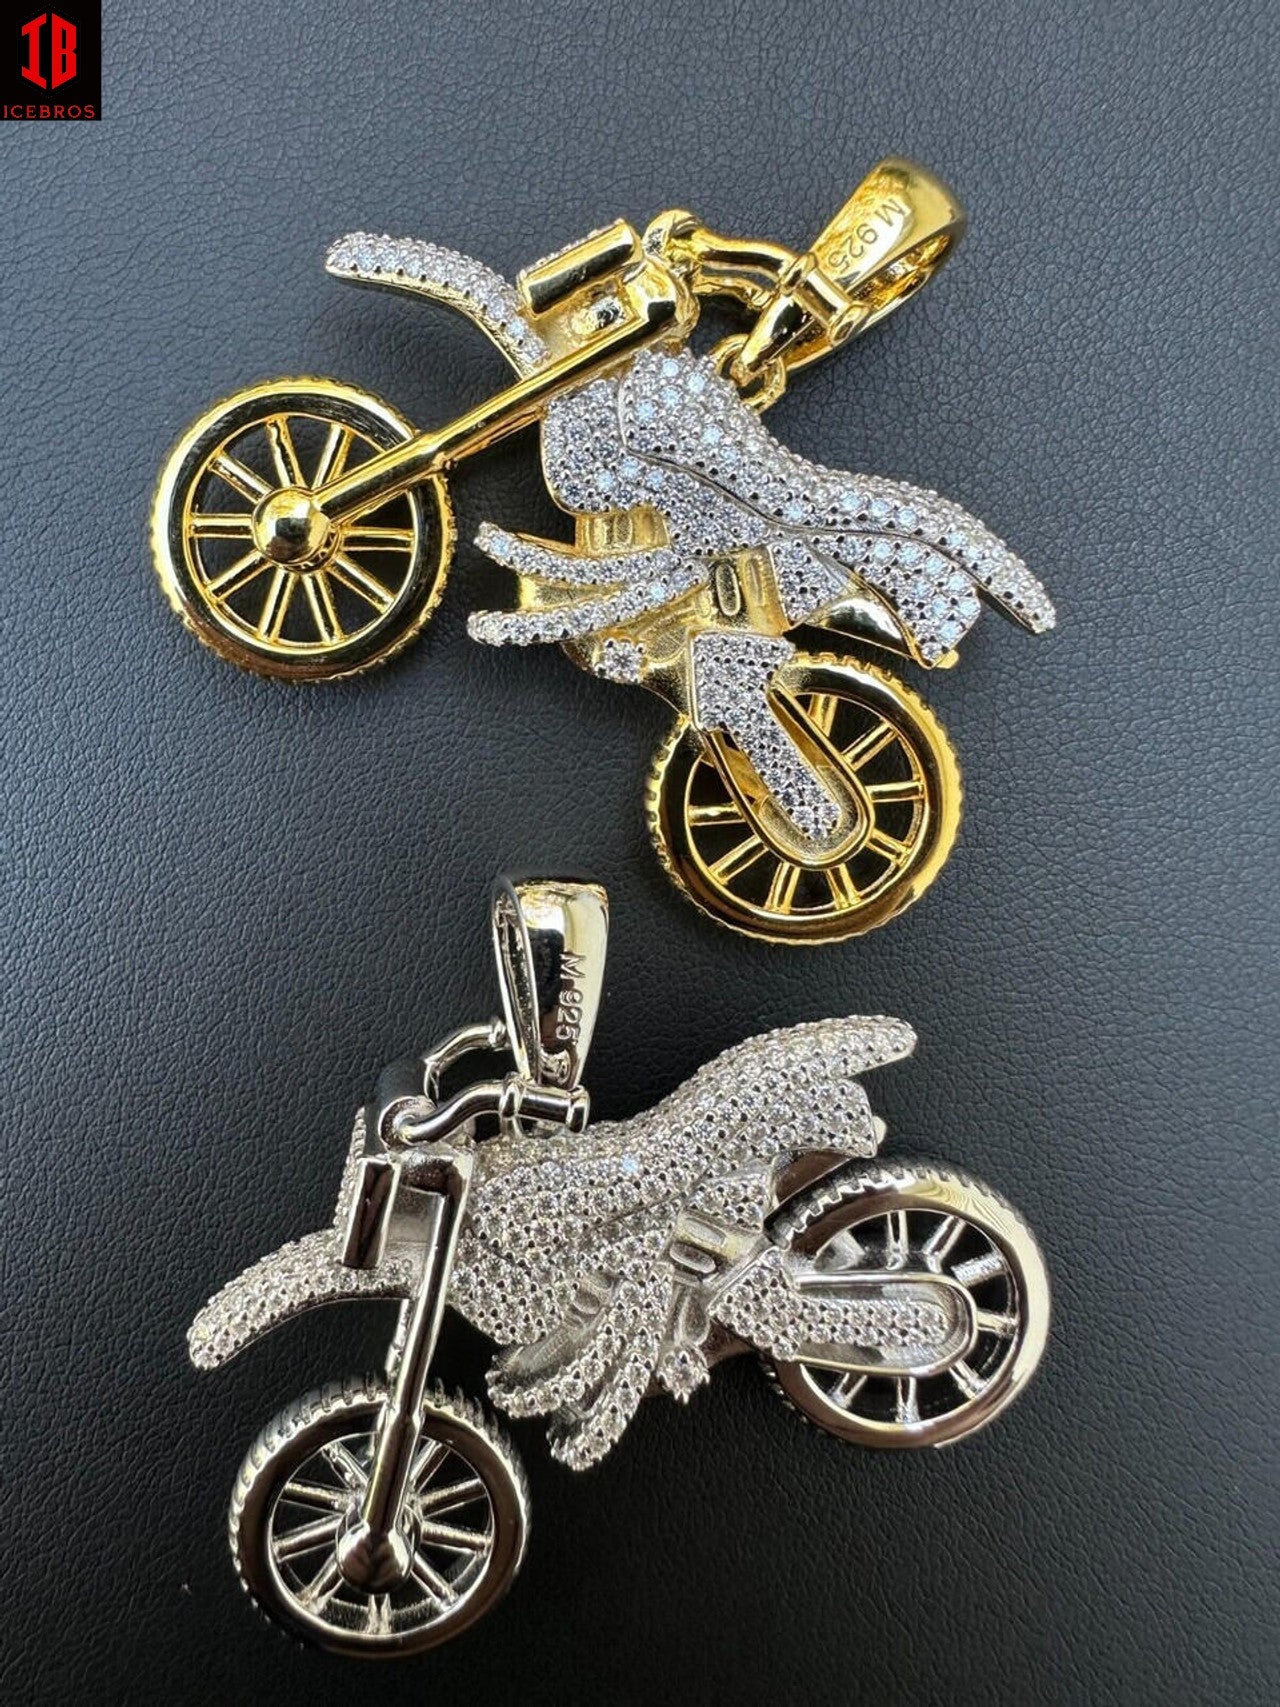 Two Different Color Variation of Moissanite Dirt Bike Pendant Necklace
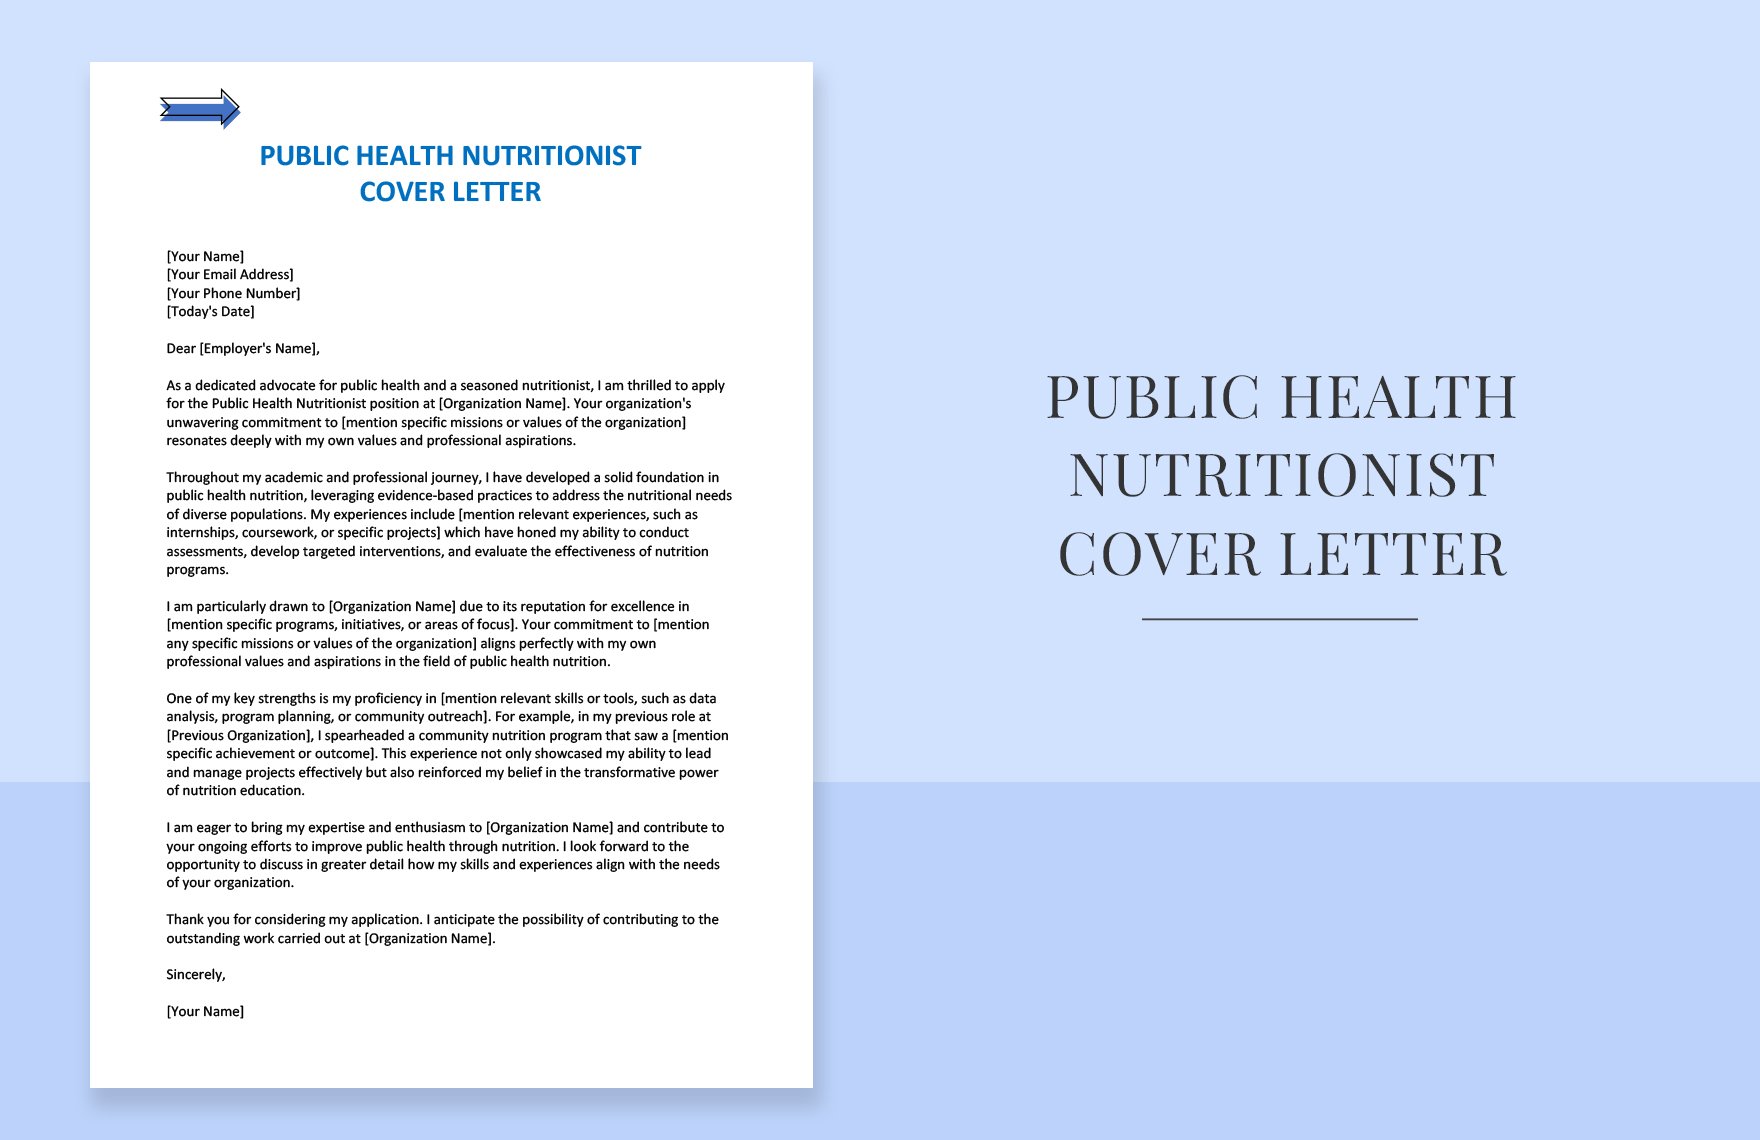 Public Health Nutritionist Cover Letter
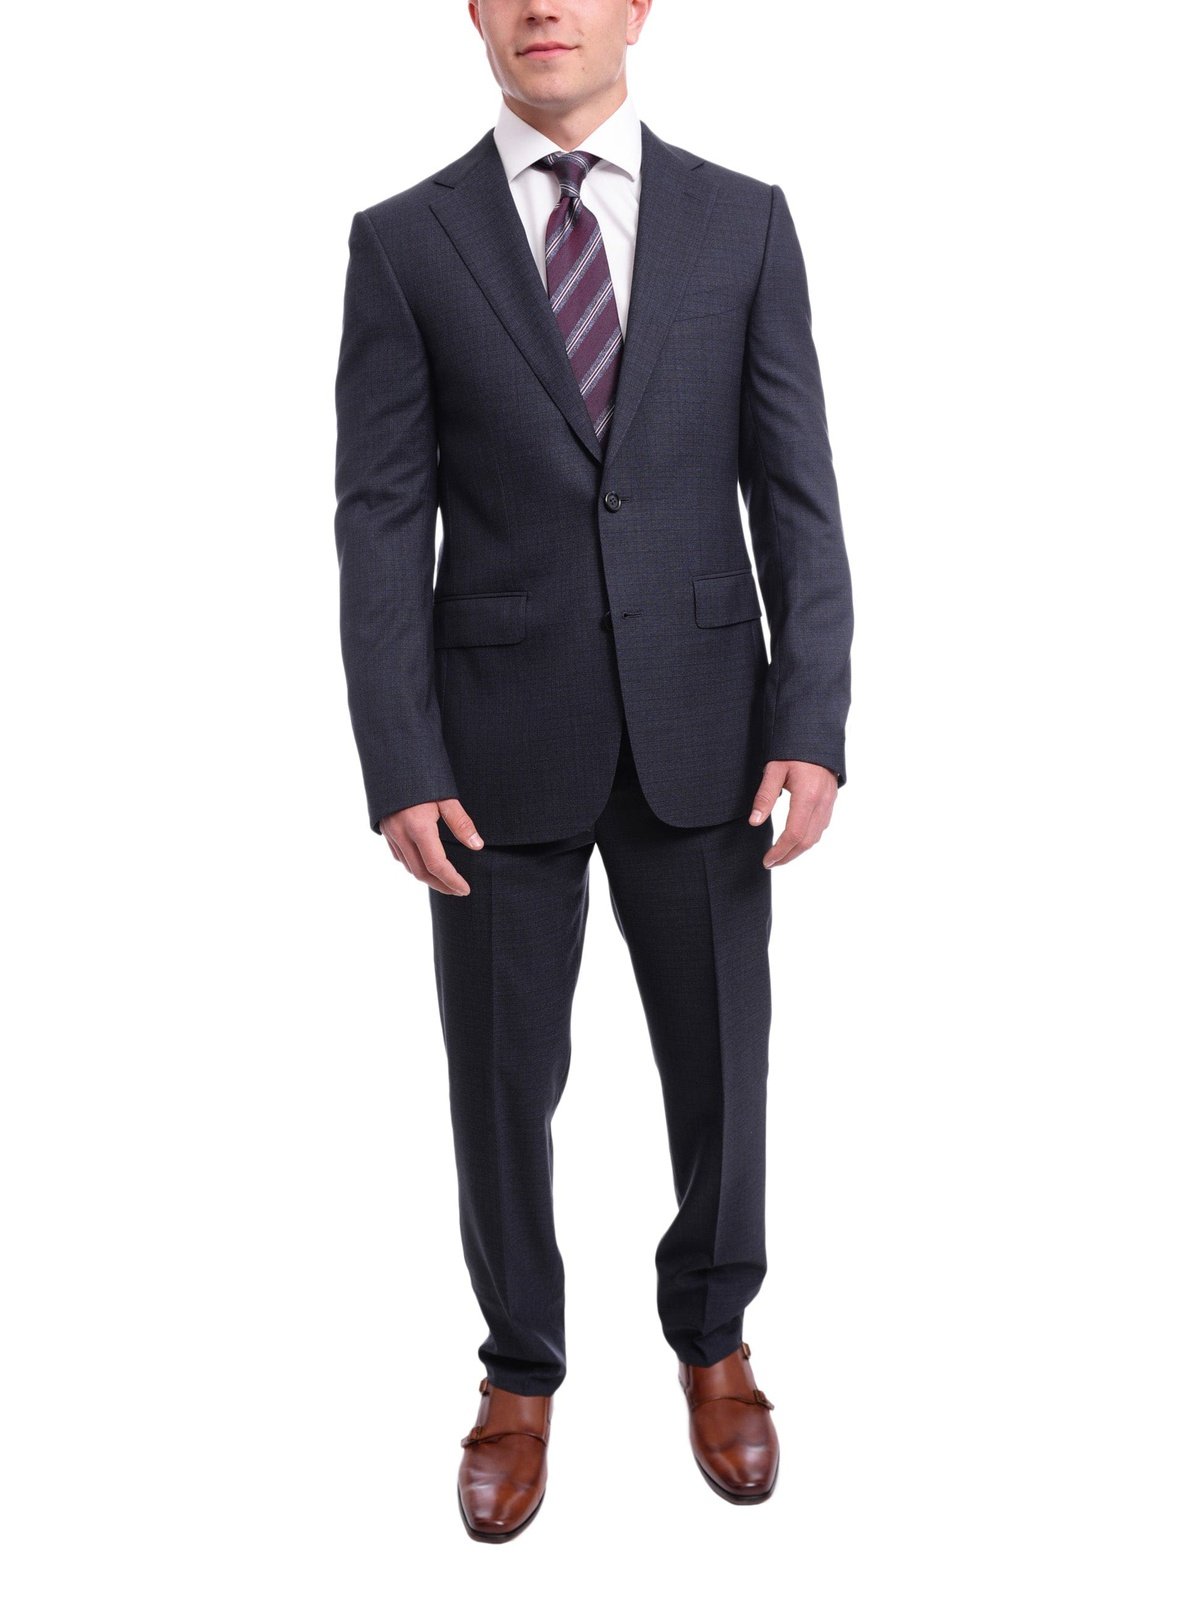 Napoli TWO PIECE SUITS Napoli Slim Fit Navy Blue Textured Check Two Button Half Canvassed Wool Suit
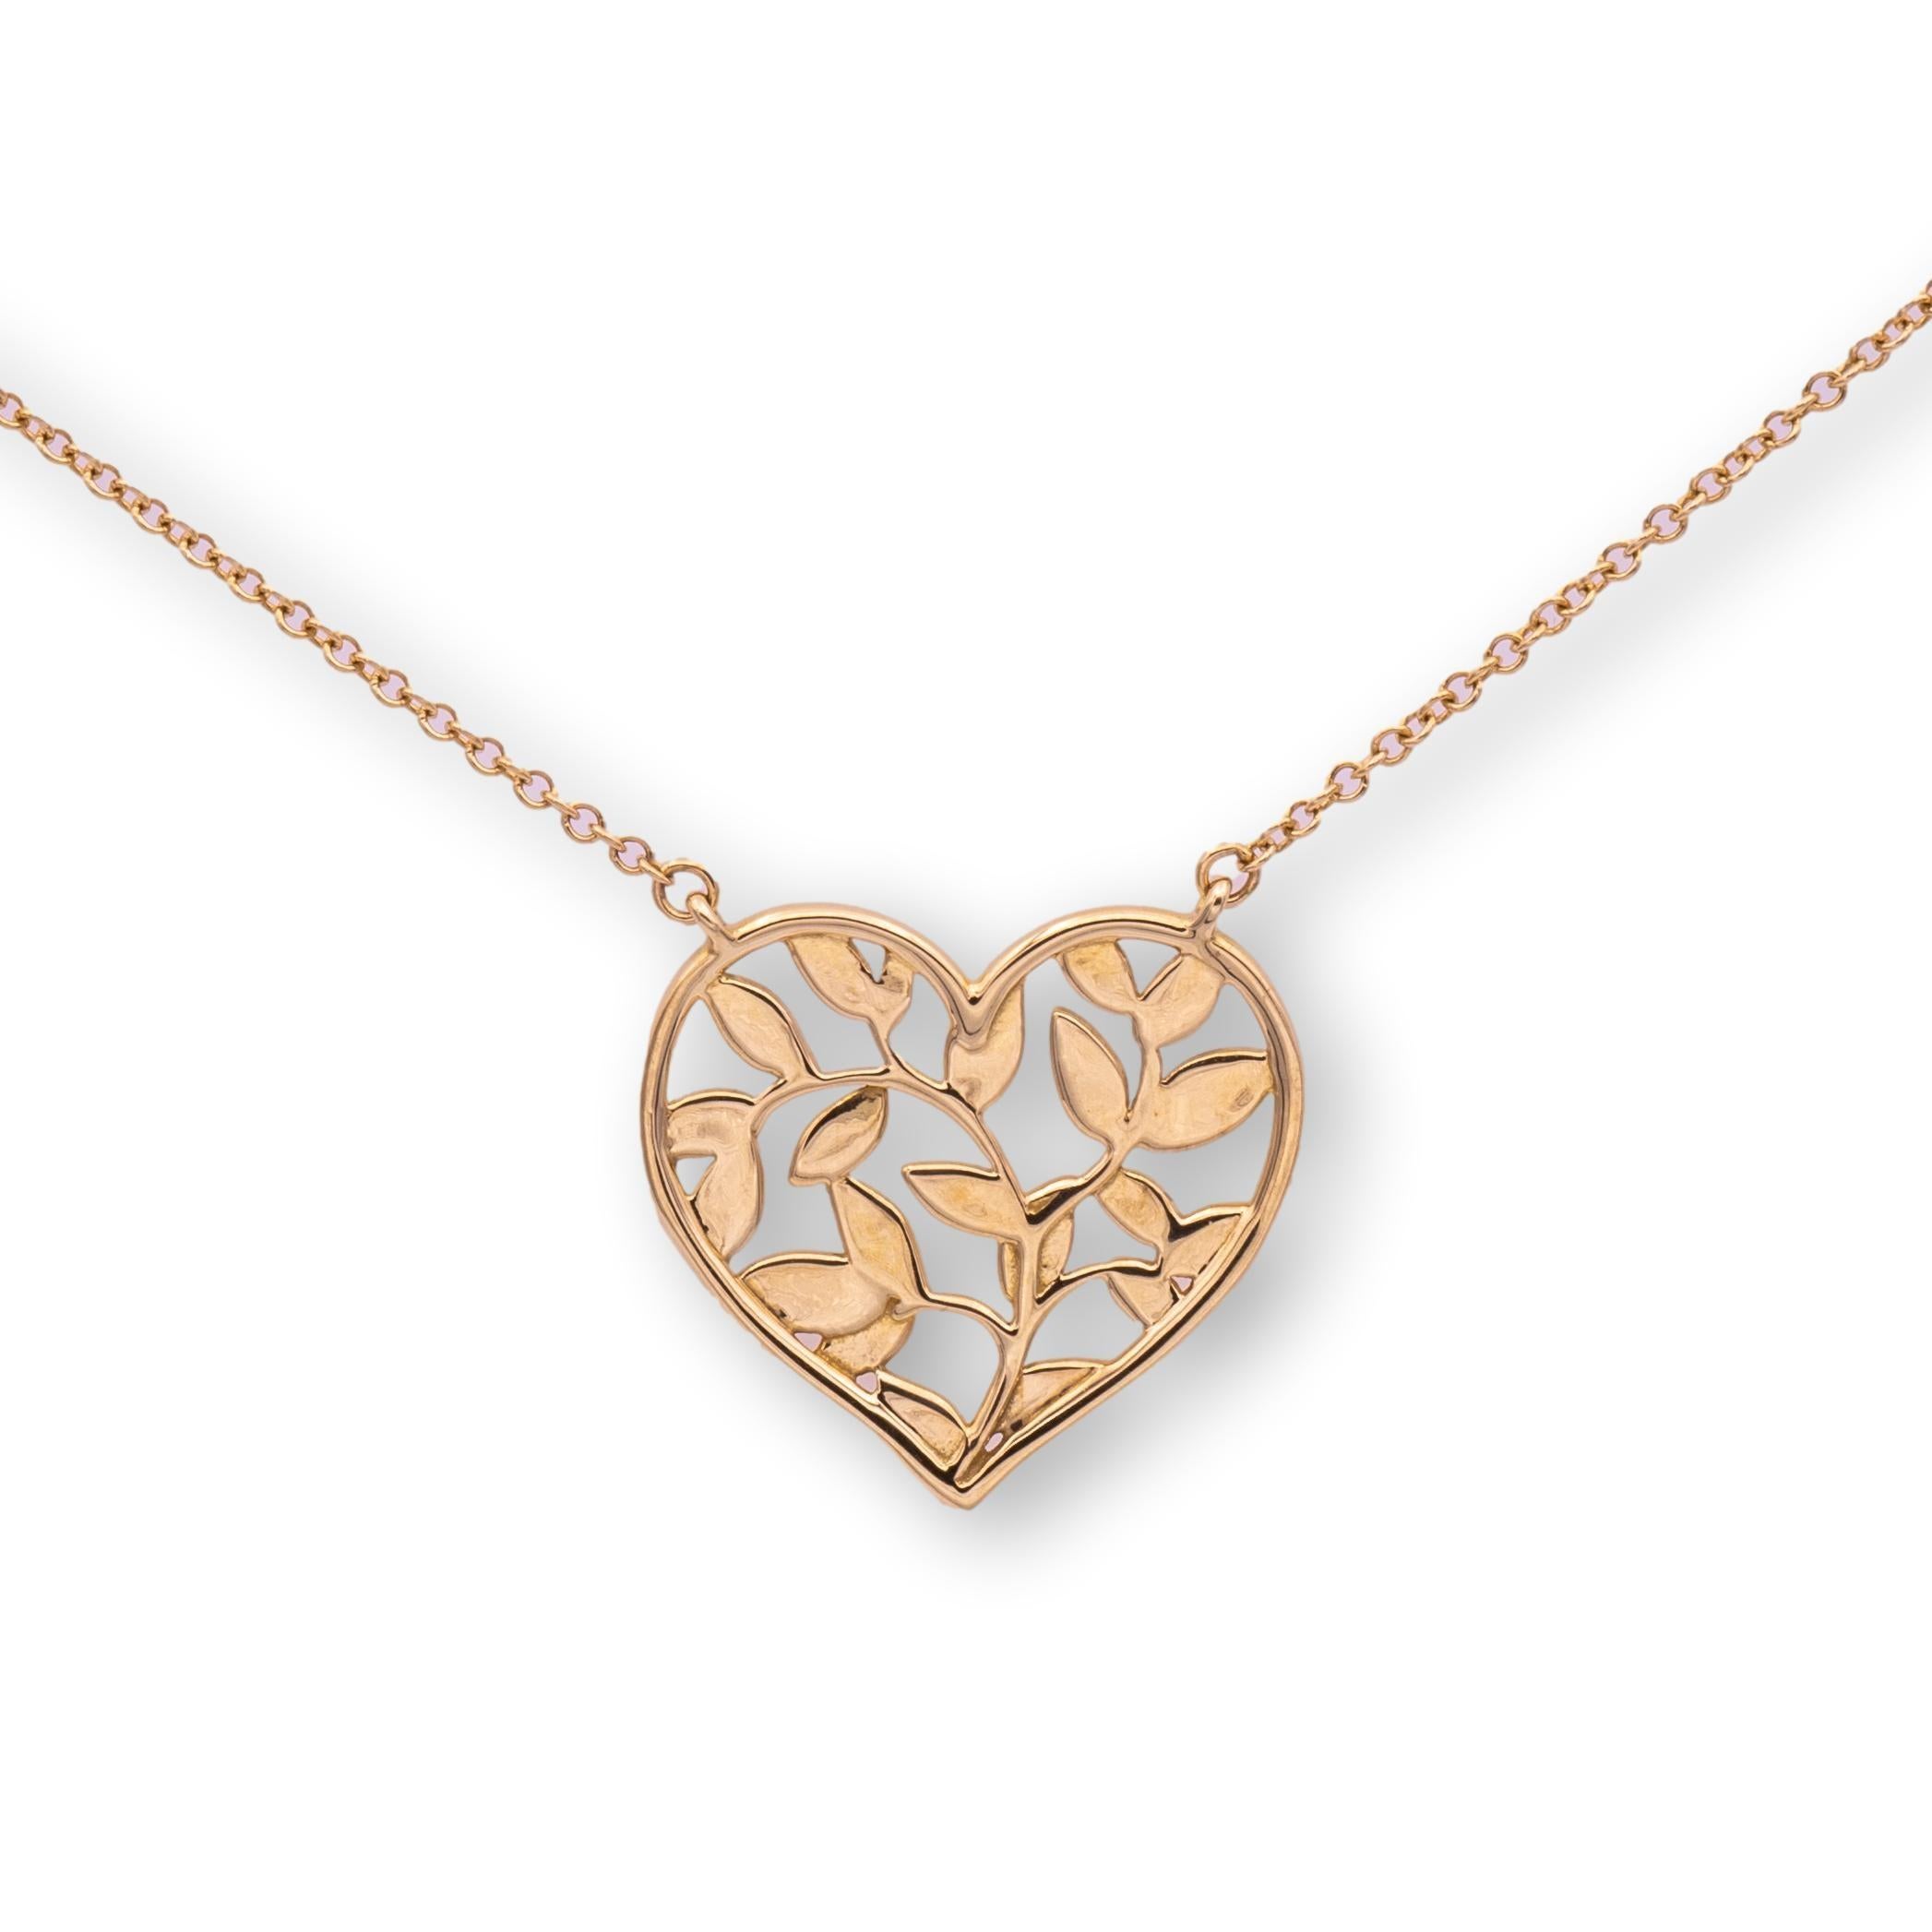 Tiffany and Co. Olive leaf heart pendant necklace designed by Paloma Picasso finely crafted in 18 karat yellow gold hanging off an 18

- [The problem]
Transcribe the listing exactly, skipping pictures.

- [Written solution]
 Two Different Color Variation of Moissanite Dirt Bike Pendant Necklace
 Public Health Nutritionist Cover Letter
 Napoli TWO PIECE SUITS Napoli Slim Fit Navy Blue Textured Check Two Button Half Canvassed Wool Suit
 Tiffany and Co. Olive leaf heart pendant necklace designed by Paloma Picasso finely crafted in 18 karat yellow gold hanging off an 18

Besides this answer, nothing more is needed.